SUPPLIED DATA:
=-=-=-=-=

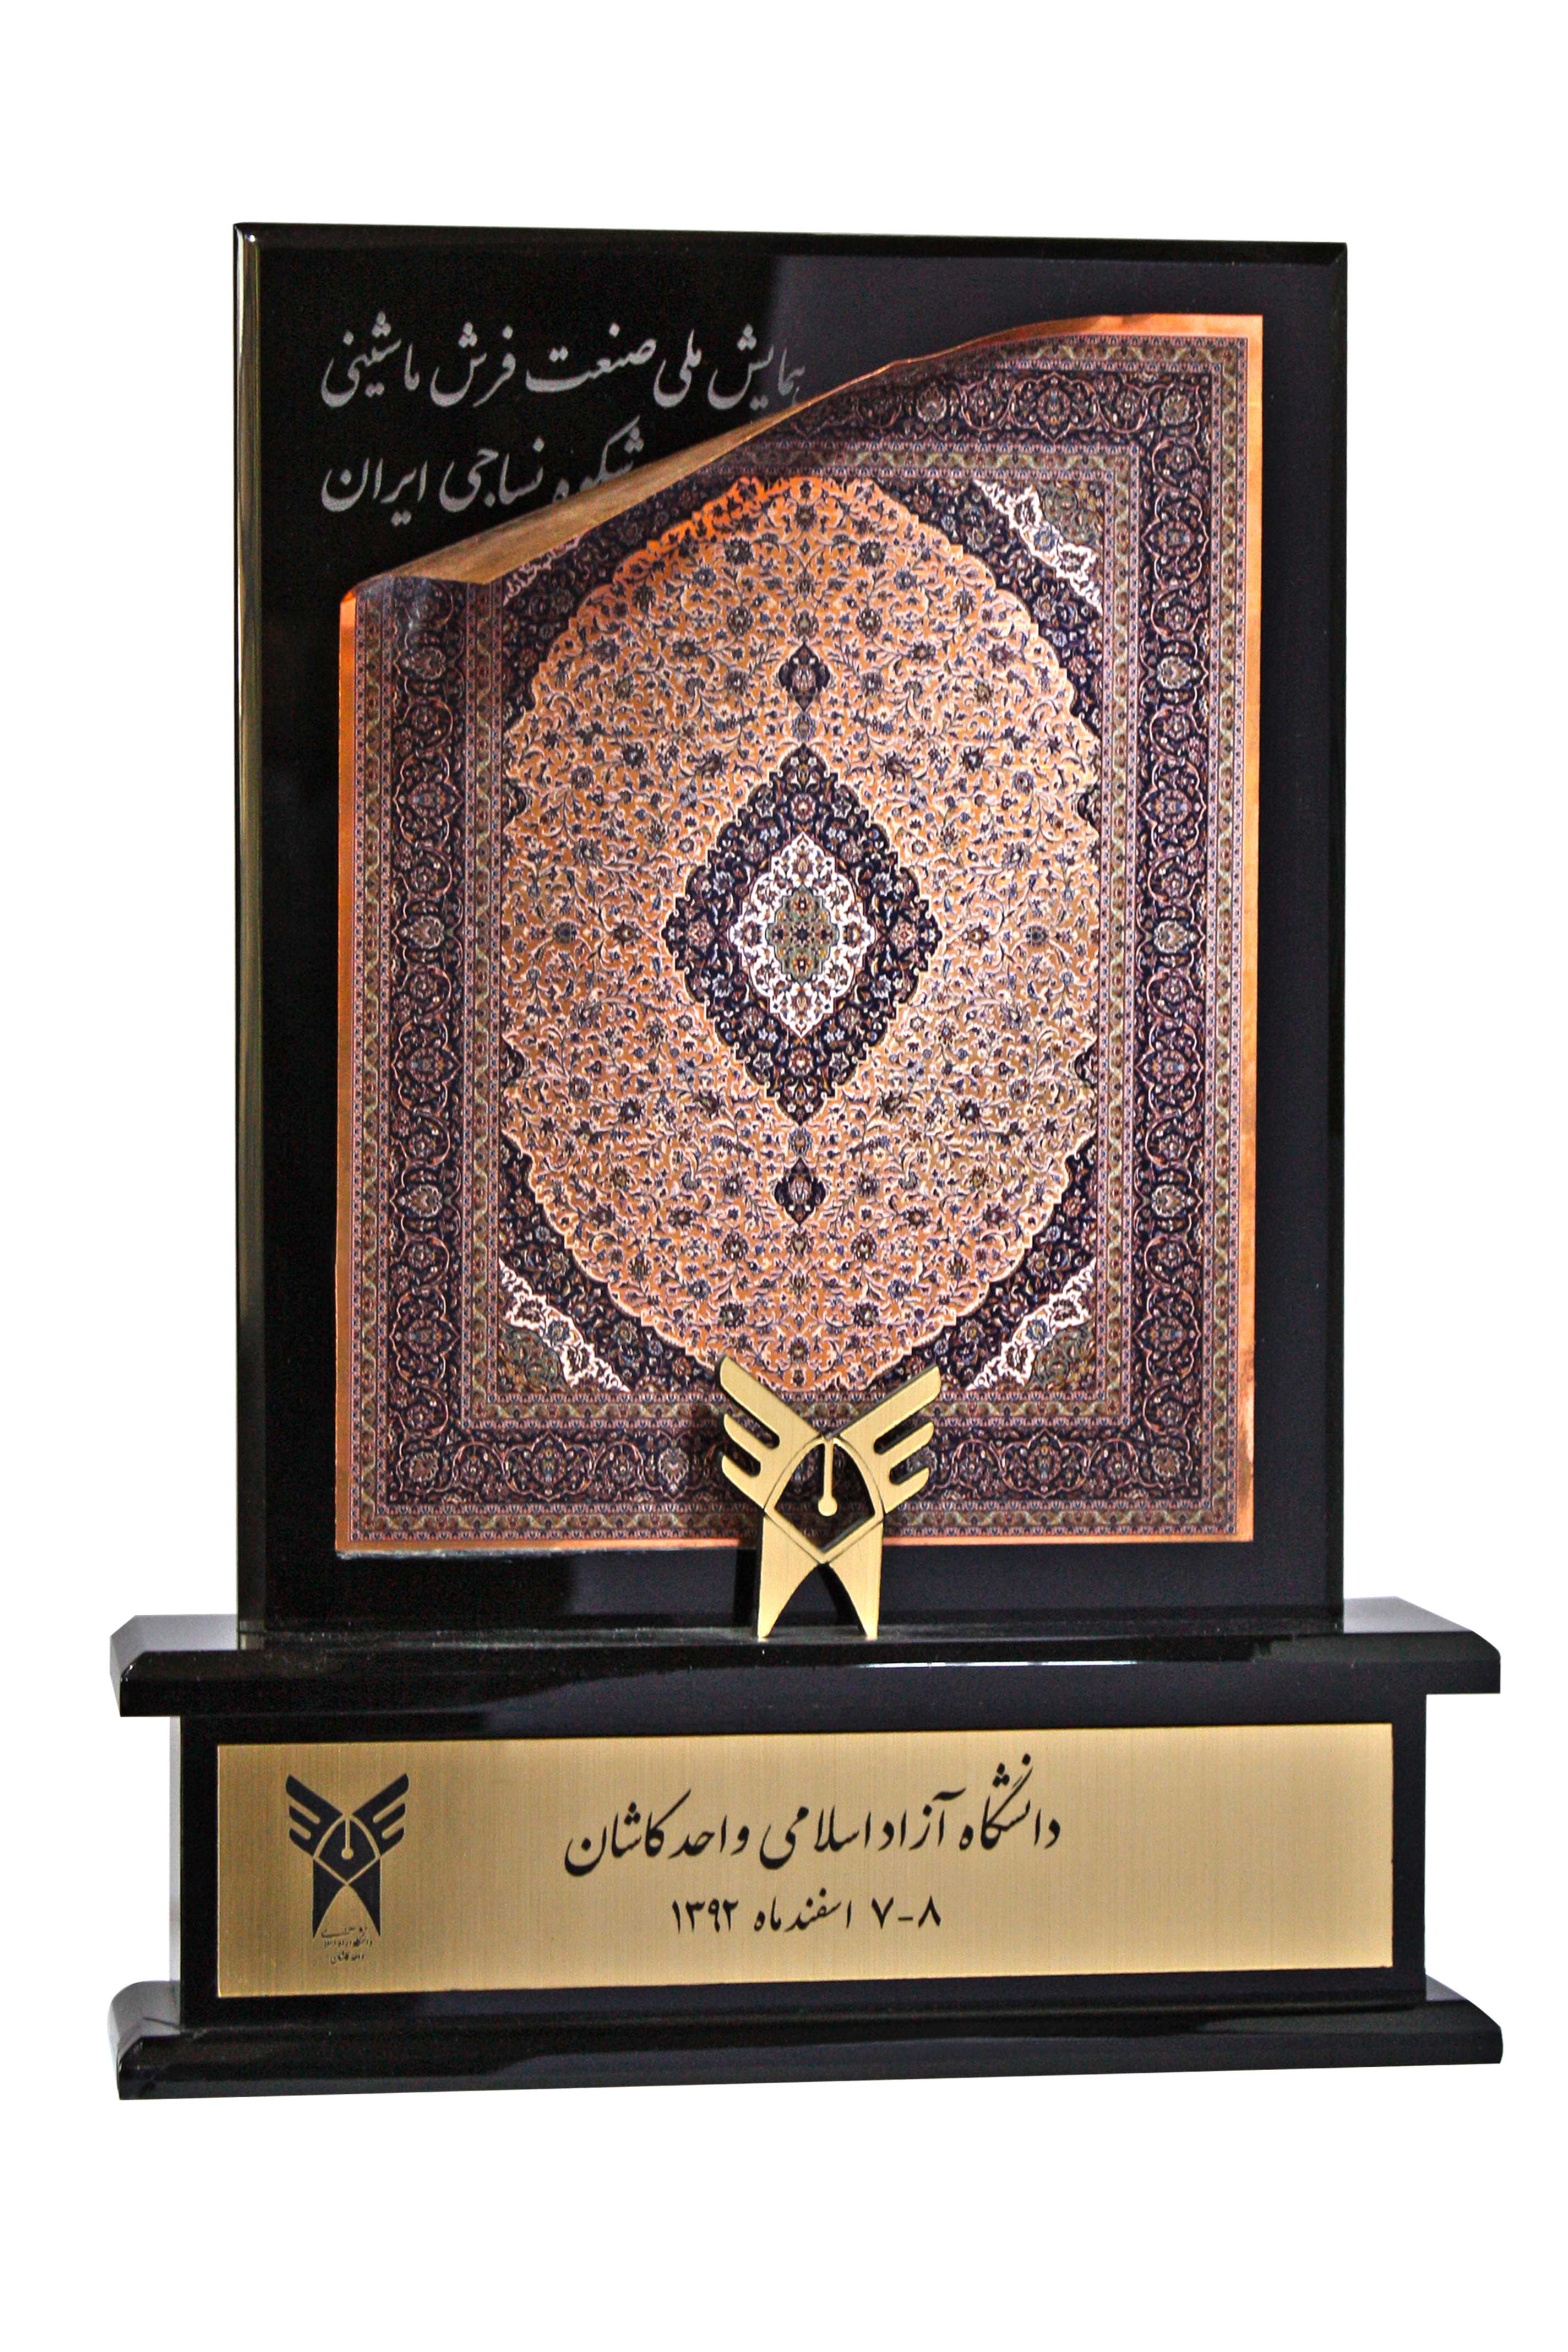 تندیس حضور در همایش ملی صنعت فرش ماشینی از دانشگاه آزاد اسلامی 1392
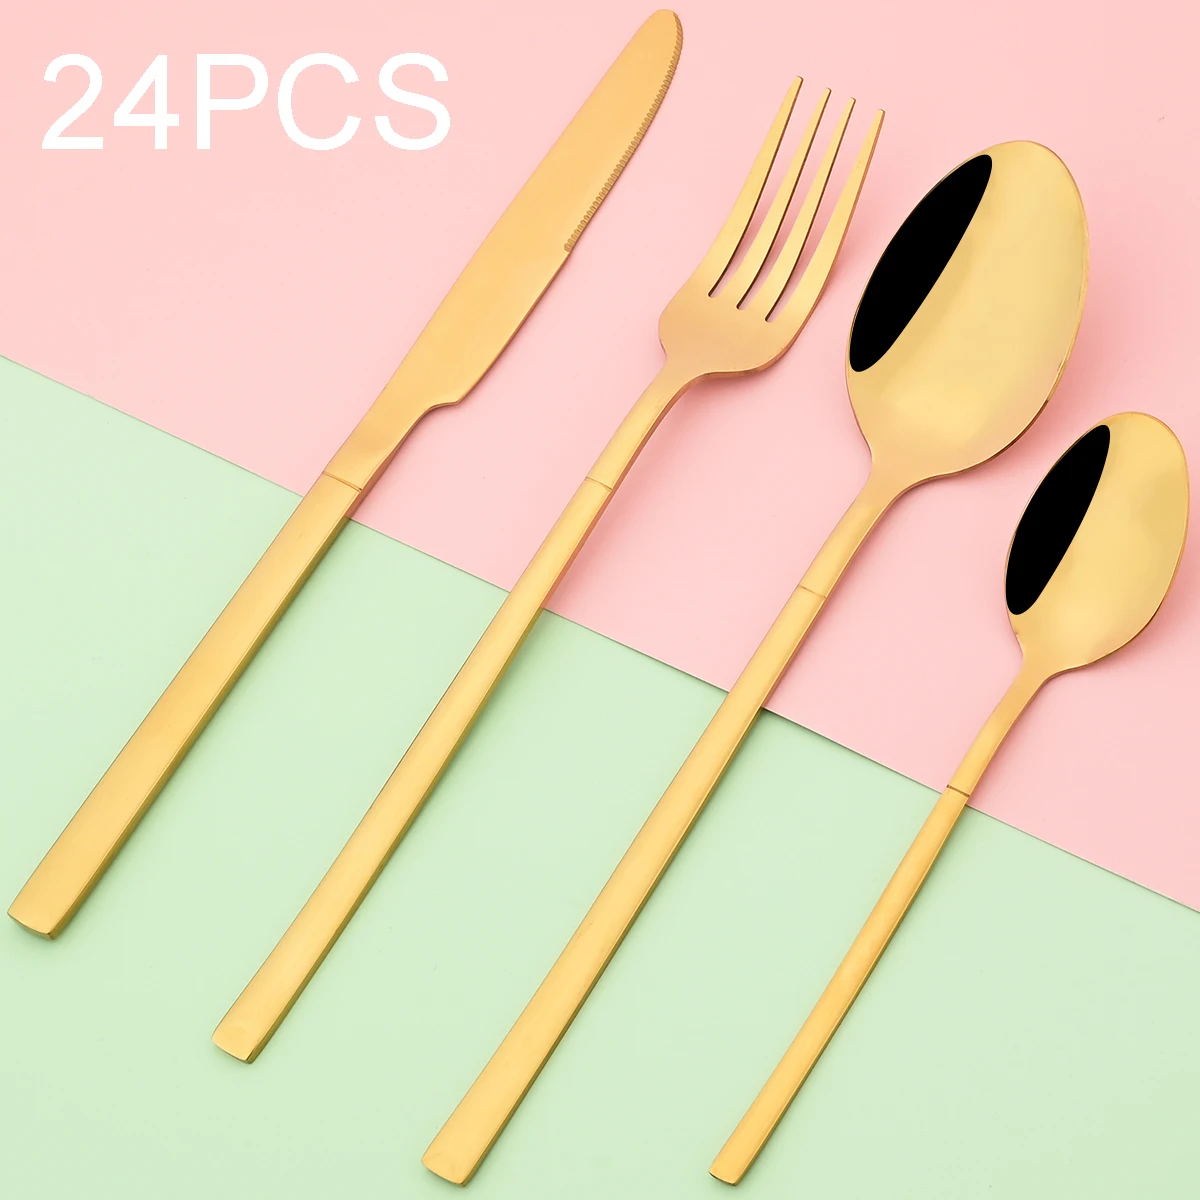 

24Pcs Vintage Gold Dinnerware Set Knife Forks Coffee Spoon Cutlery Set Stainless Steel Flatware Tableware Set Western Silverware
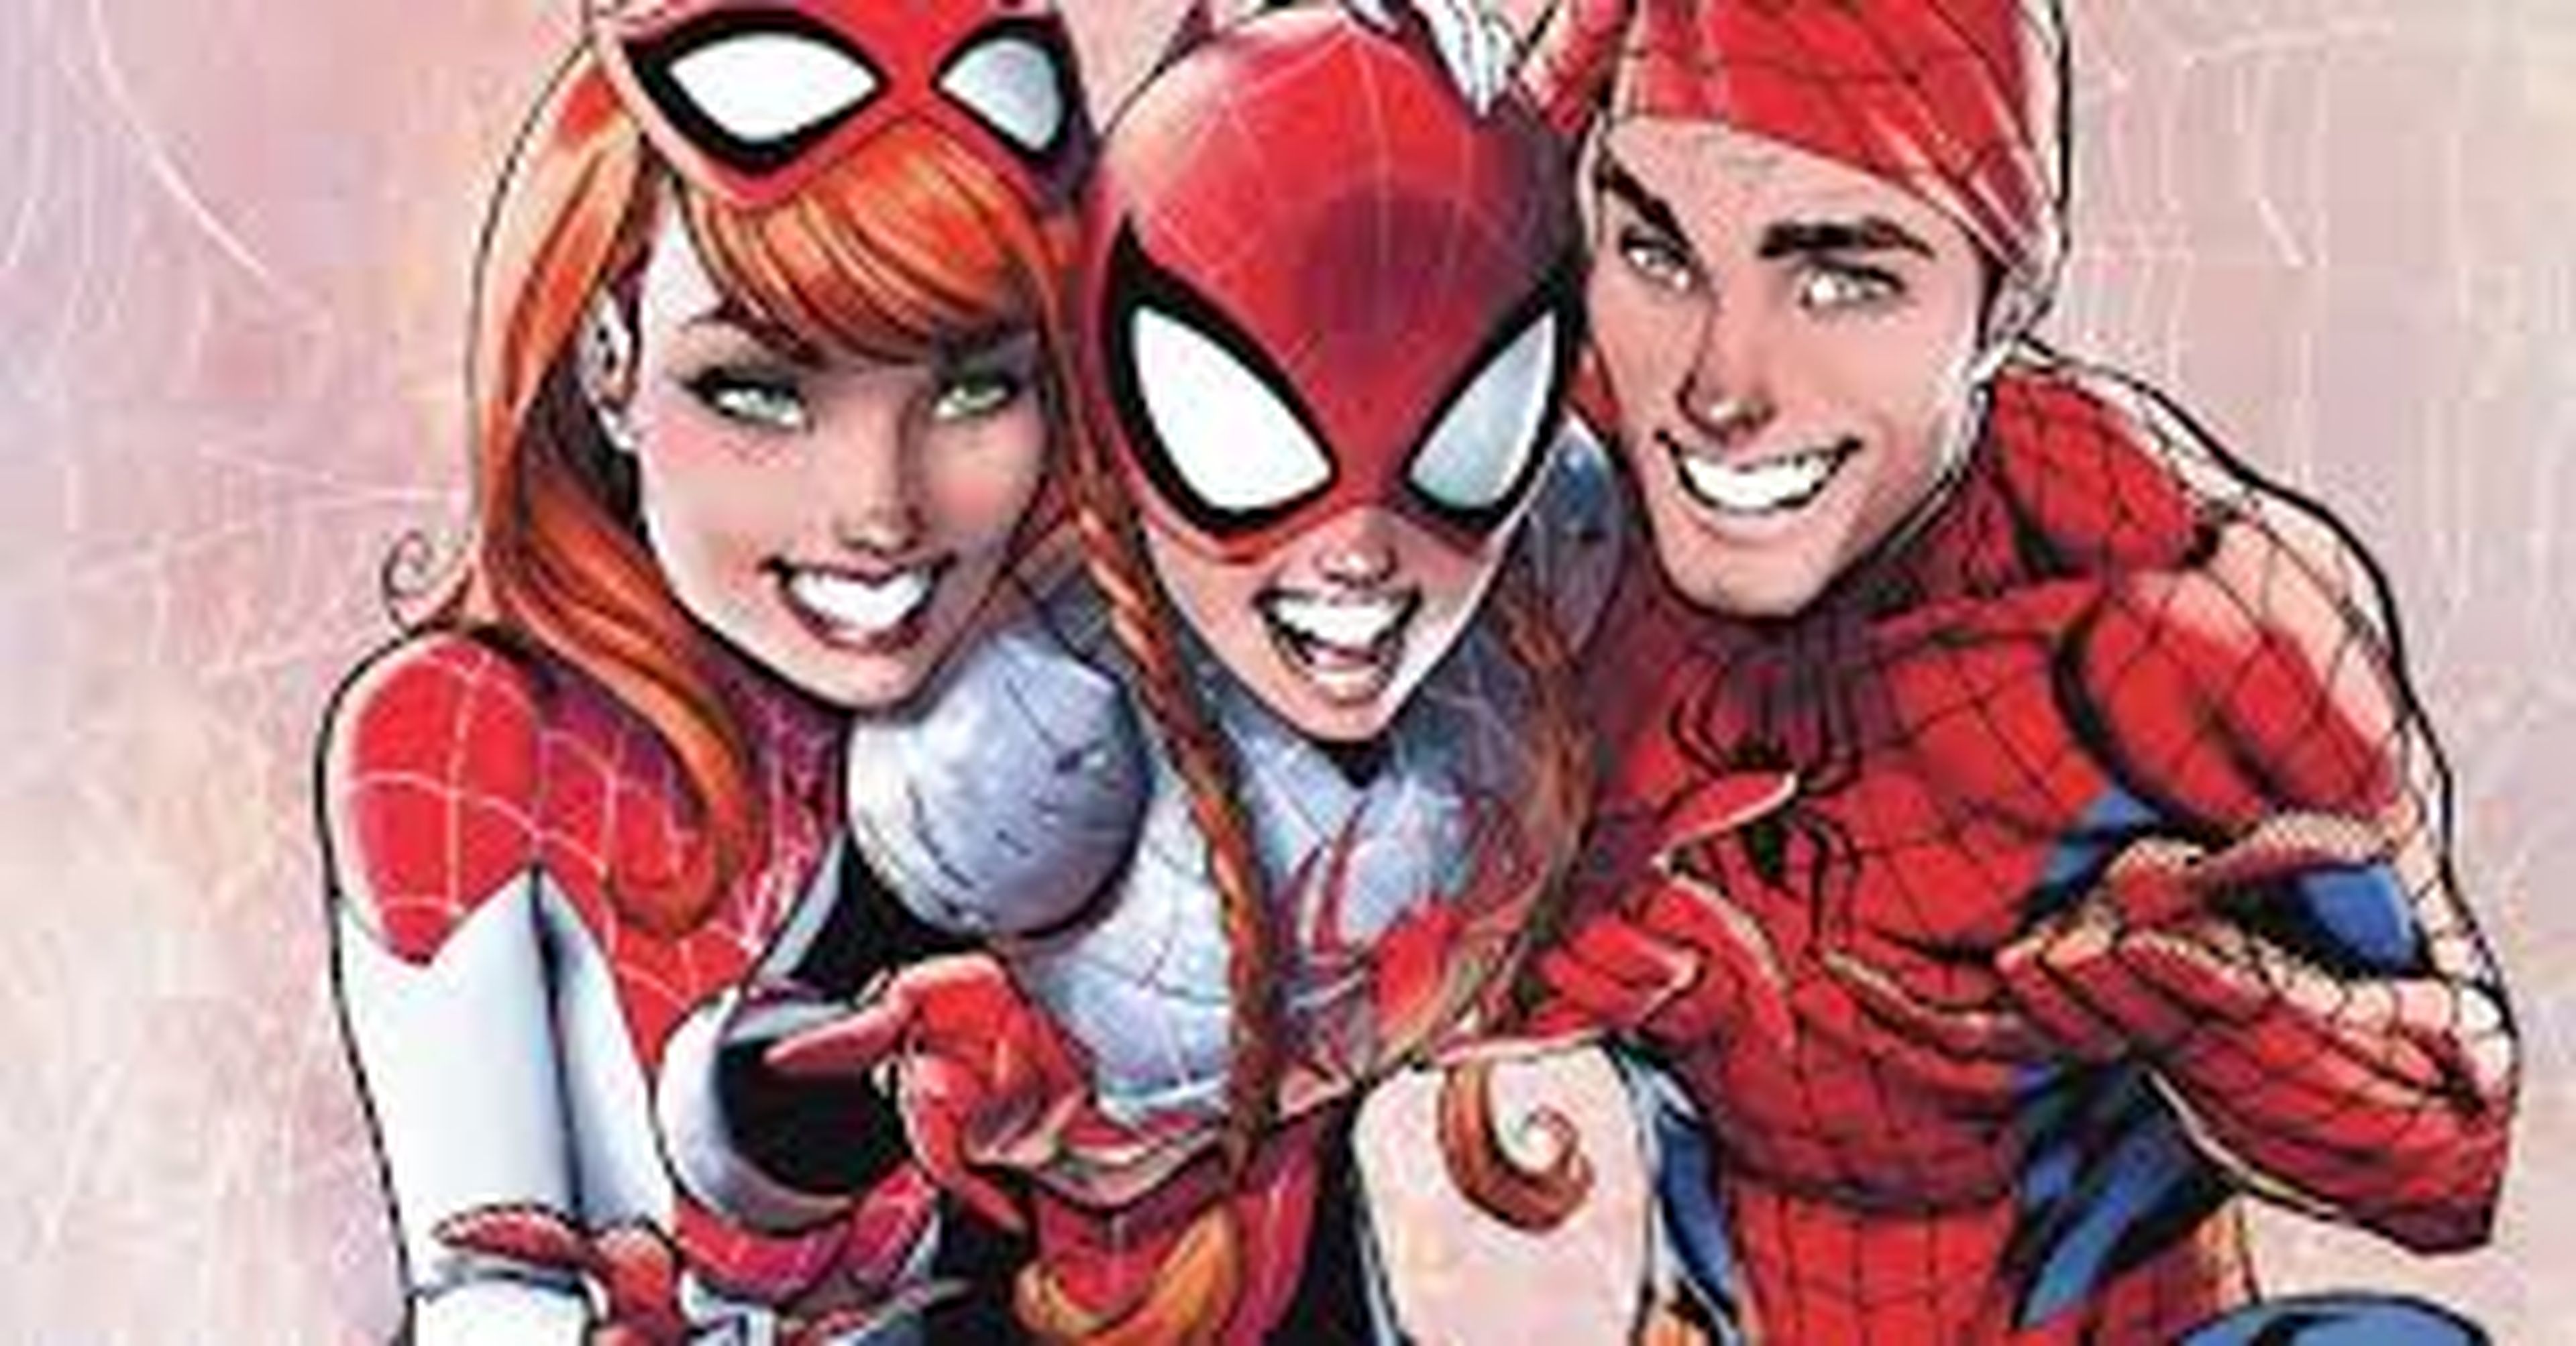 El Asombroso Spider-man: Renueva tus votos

=-=-=-=-=

Once the line containing "24Pcs Vintage Gold" is found, transcribe it and the rest of the lines to the end of the listing above exactly, omitting all pictures.

ANSWER TO THIS TASK:
24Pcs Vintage Gold Dinnerware Set Knife Forks Coffee Spoon Cutlery Set Stainless Steel Flatware Tableware Set Western Silverware
 El Asombroso Spider-man: Renueva tus votos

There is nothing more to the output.